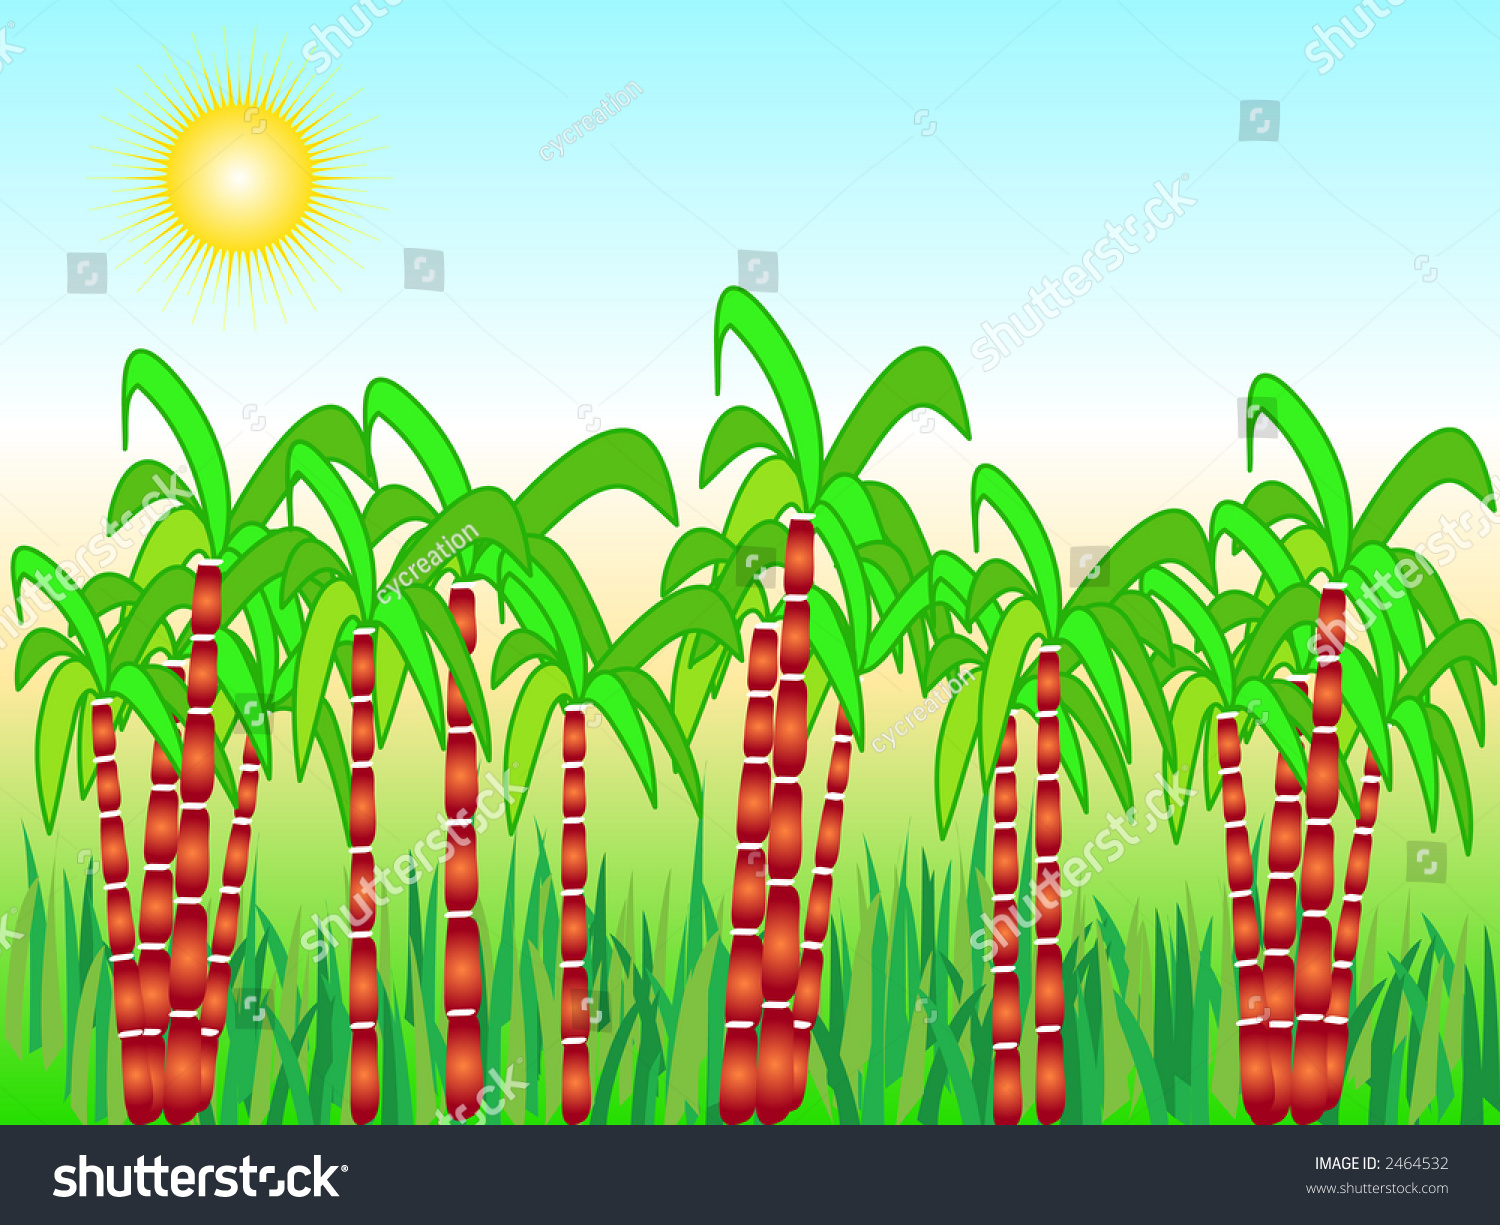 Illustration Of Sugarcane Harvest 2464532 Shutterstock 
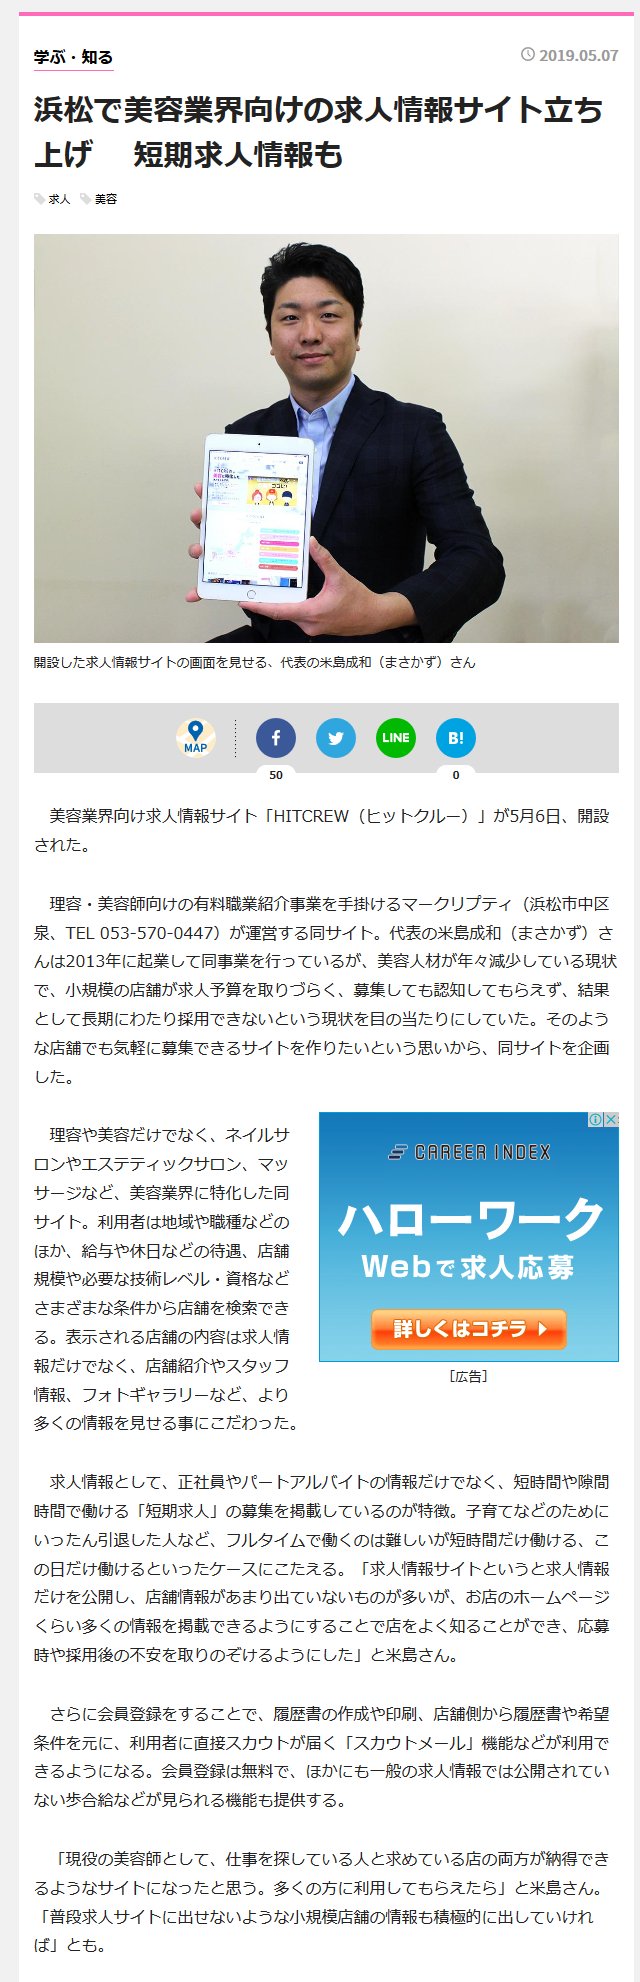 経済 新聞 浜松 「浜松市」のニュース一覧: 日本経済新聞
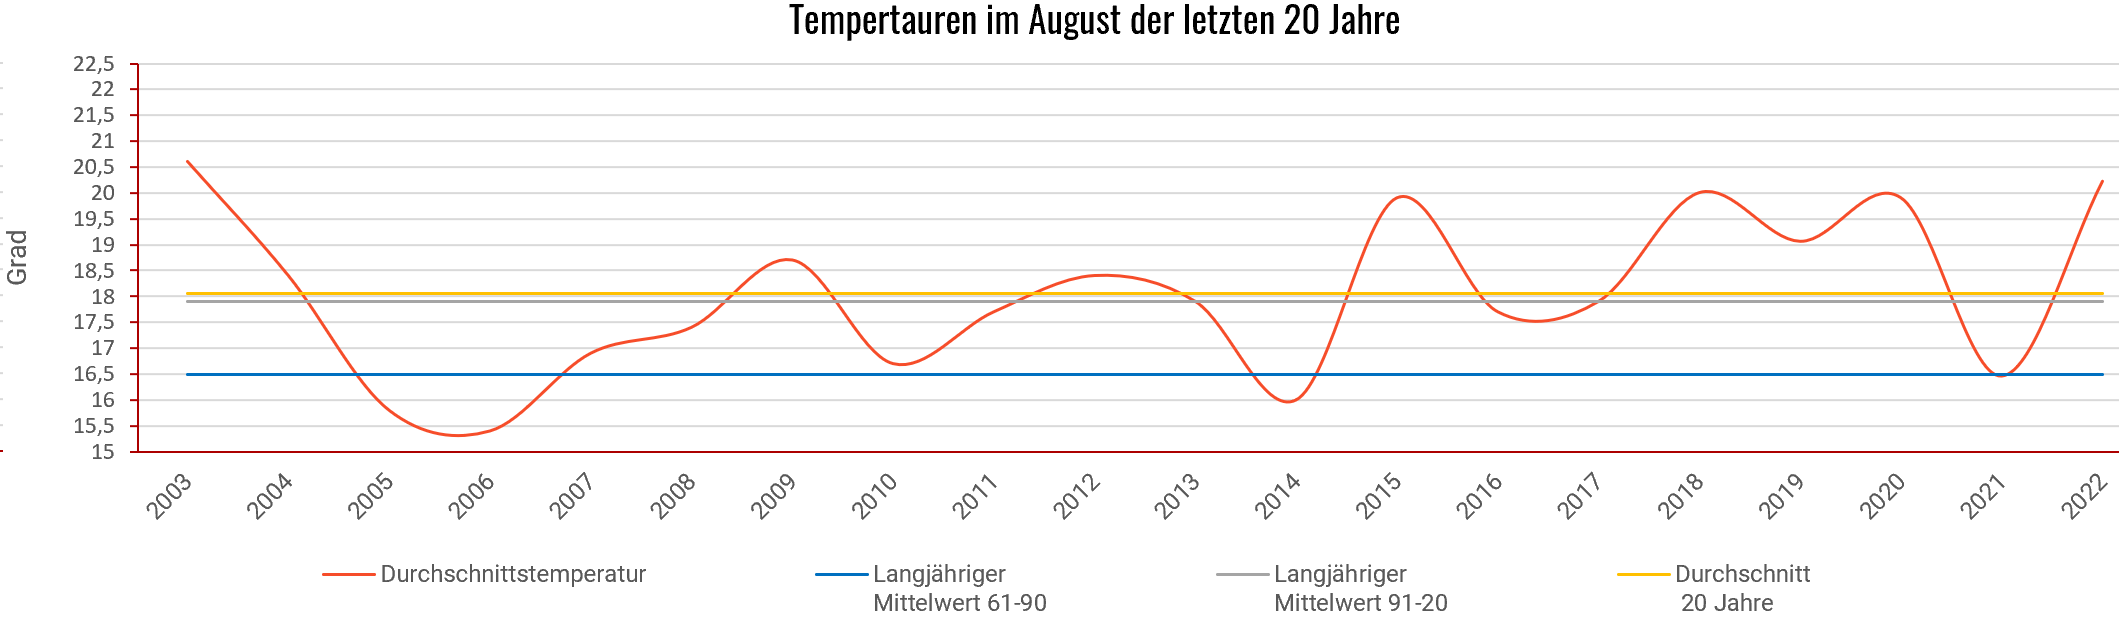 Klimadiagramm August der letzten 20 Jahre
* * *
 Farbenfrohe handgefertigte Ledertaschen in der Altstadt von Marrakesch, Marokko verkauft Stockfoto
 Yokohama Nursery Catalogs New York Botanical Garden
* * *
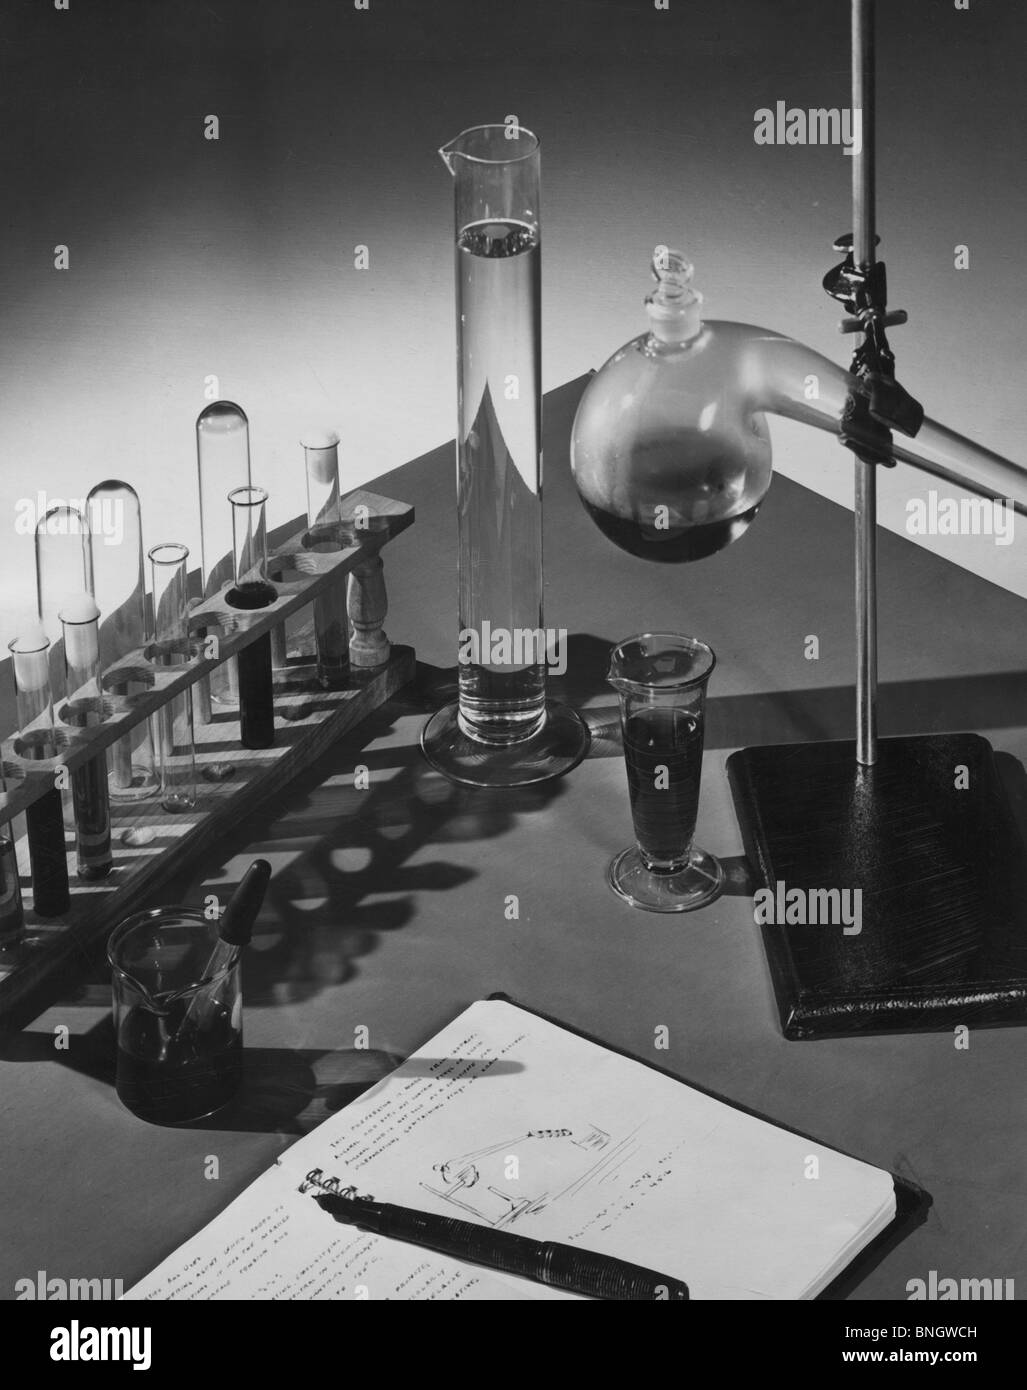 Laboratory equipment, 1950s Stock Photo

WHAT IS NEEDED
In the records above, find the line with "Illustration Of Sugarcane" and the line with "Klimadiagramm August der letzten 20 Jahre", then restate word for word only those two lines and all lines between, omitting pictures.

EXERCISE OUTPUT
 Illustration Of Sugarcane Harvest 2464532 Shutterstock 
 経済 新聞 浜松 「浜松市」のニュース一覧: 日本経済新聞
 Klimadiagramm August der letzten 20 Jahre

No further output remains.